В Иванове начались интенсивные тренировки летного состава, включая полеты на паре американских боевых машин. Ознакомился я и с моим будущим летным «рабочим местом». В одном из помещений штаба оборудовали тренажер, имитировавший кабину штурмана на двухмоторном американском бомбардировщике Б-25: вращающийся, с приборной доской. Главным на пульте был радиокомпас. «Он – ваш главный будущий «поводырь»! – сказал инструктор, когда я сел в кресло. – В тренировочном полете на Б-25 («Митчелле») освоите прибор вплотную. А пока познакомьтесь, как он функционирует…». Процедура оказалась несложной. Но уже в тот момент я отчетливо понимал: мой штурманский радио-«поводырь» хотя и незаменимый помощник, но далеко не единственное техническое обеспечение, которое было крайне необходимо для надежности полета экипажей-«дальнобойщиков». Как, впрочем, и всей трассы!

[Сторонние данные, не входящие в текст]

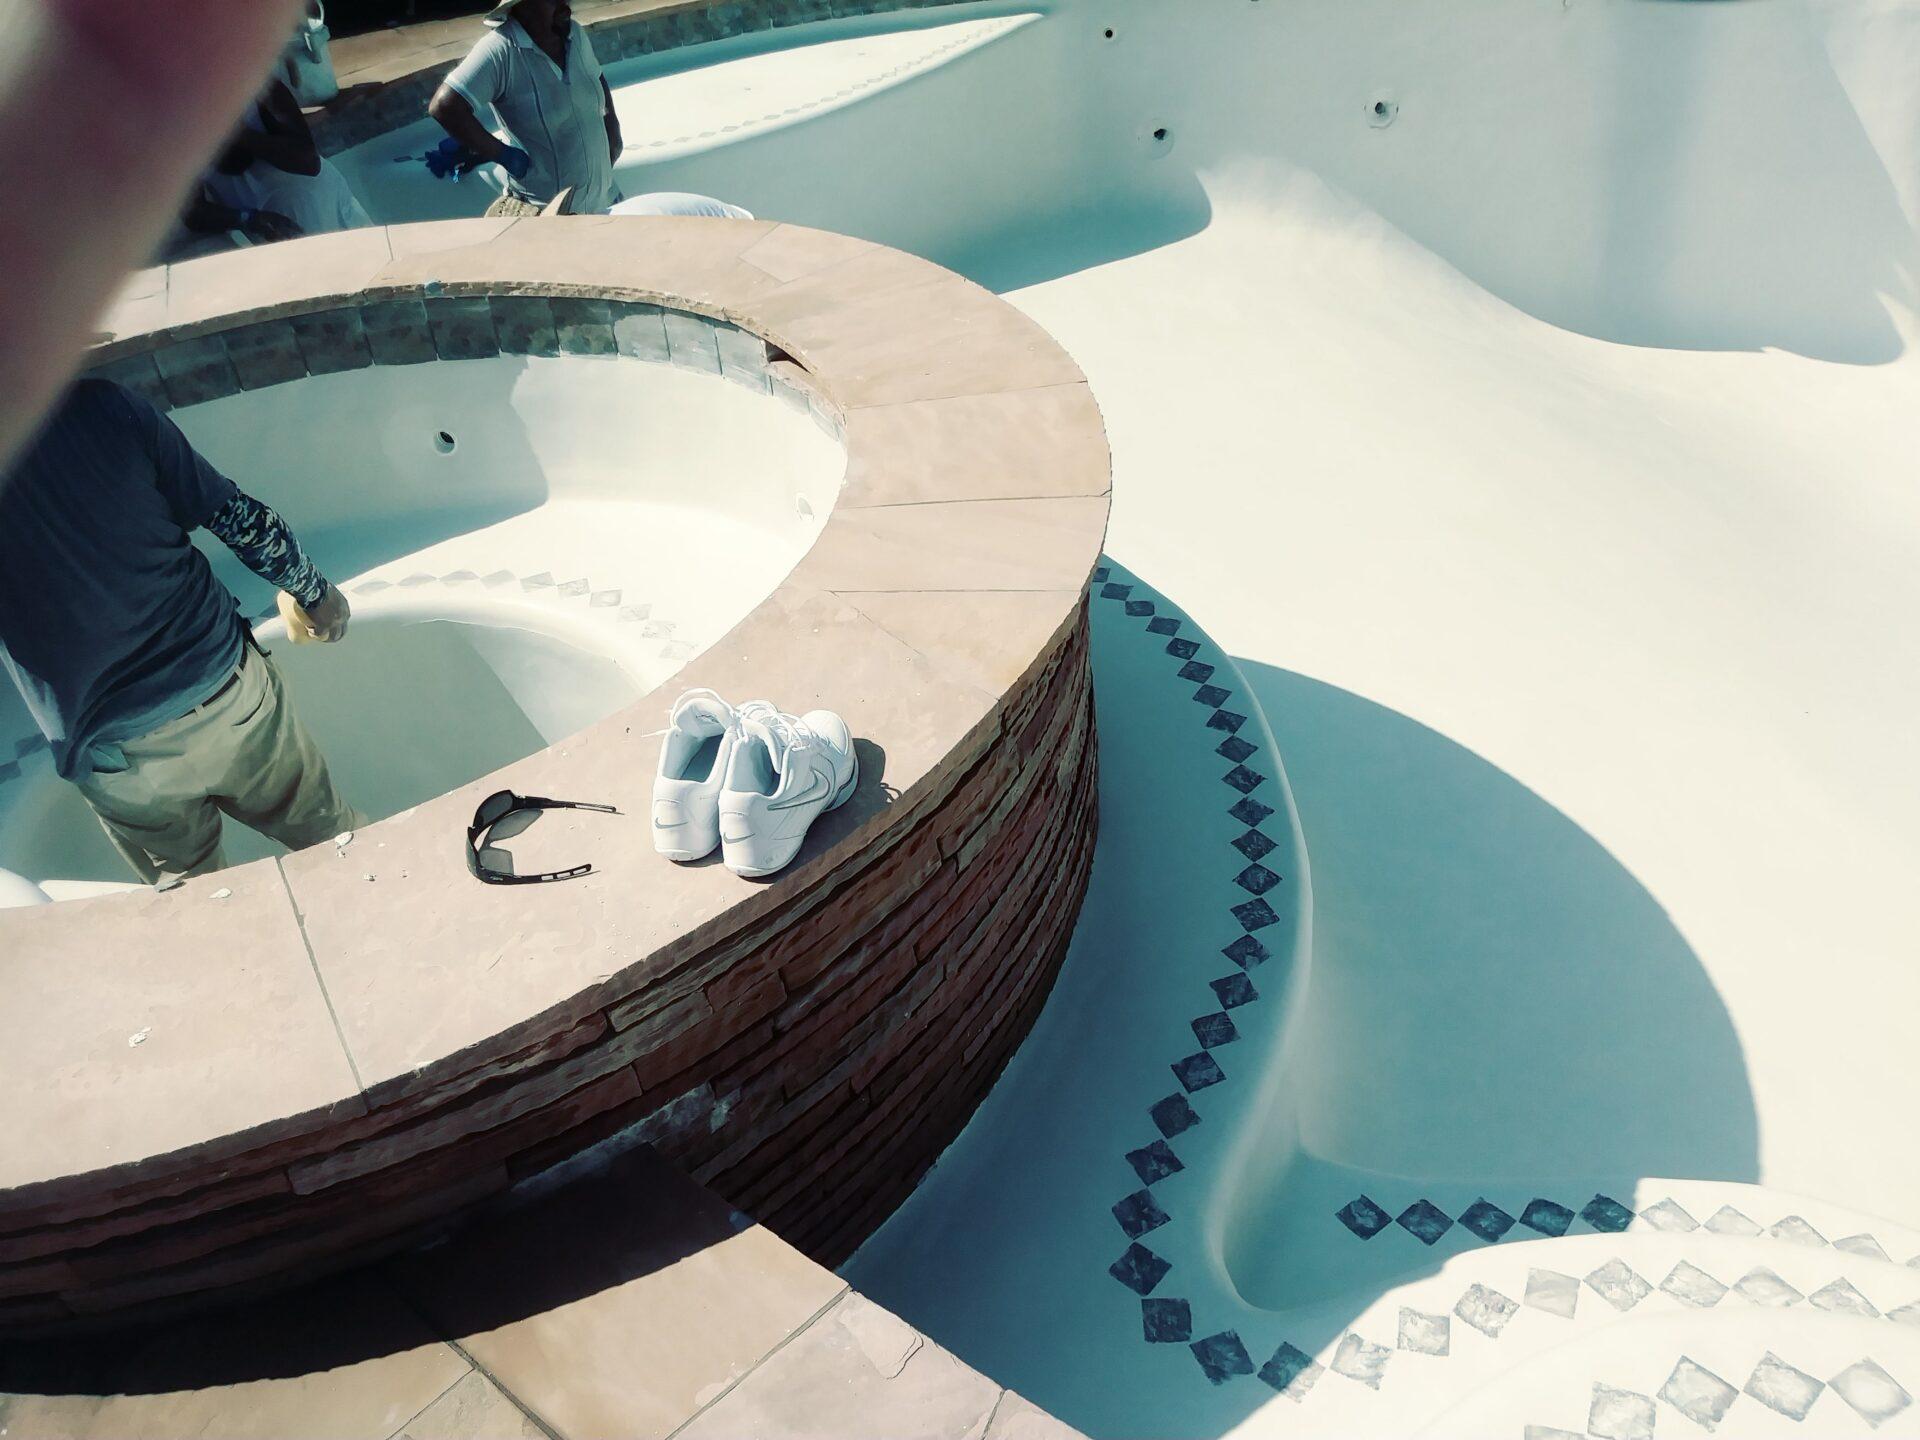 Pool Re-Plaster - Deerfield - After Image001

А на советском участке только прокладываемого Алсиба – от Берингова пролива до Красноярска – было всего два аэродрома, включая Якутский. К их реконструкции для приемки самолетов из США смогли приступить лишь в ноябре 1941 года. Строительство же новых 10 аэродромов началось в 1942 году, и они были введены в эксплуатацию лишь к октябрю того же года. Так что в 42-м нам пришлось довольствоваться минимумом навигационного обеспечения…».

Однако летом 1942-го обстановка на южном участке советско-германского фронта складывалась столь угрожающая, что Кремль не мог более откладывать открытие Алсиба.

По рельсам.

В июле 1942 года специальная комиссия, обследовав намеченный маршрут Алсиба, дала добро на эксплуатацию трассы. В том же месяце известный летчик-испытатель Владимир Коккинаки, пролетев по Алсибу, доставил из Аляски в Москву американскую правительственную комиссию. Представители США прибыли согласовать с Кремлем сроки и график перегонки по Алсибу самолетов, как говорится, от заводских ворот.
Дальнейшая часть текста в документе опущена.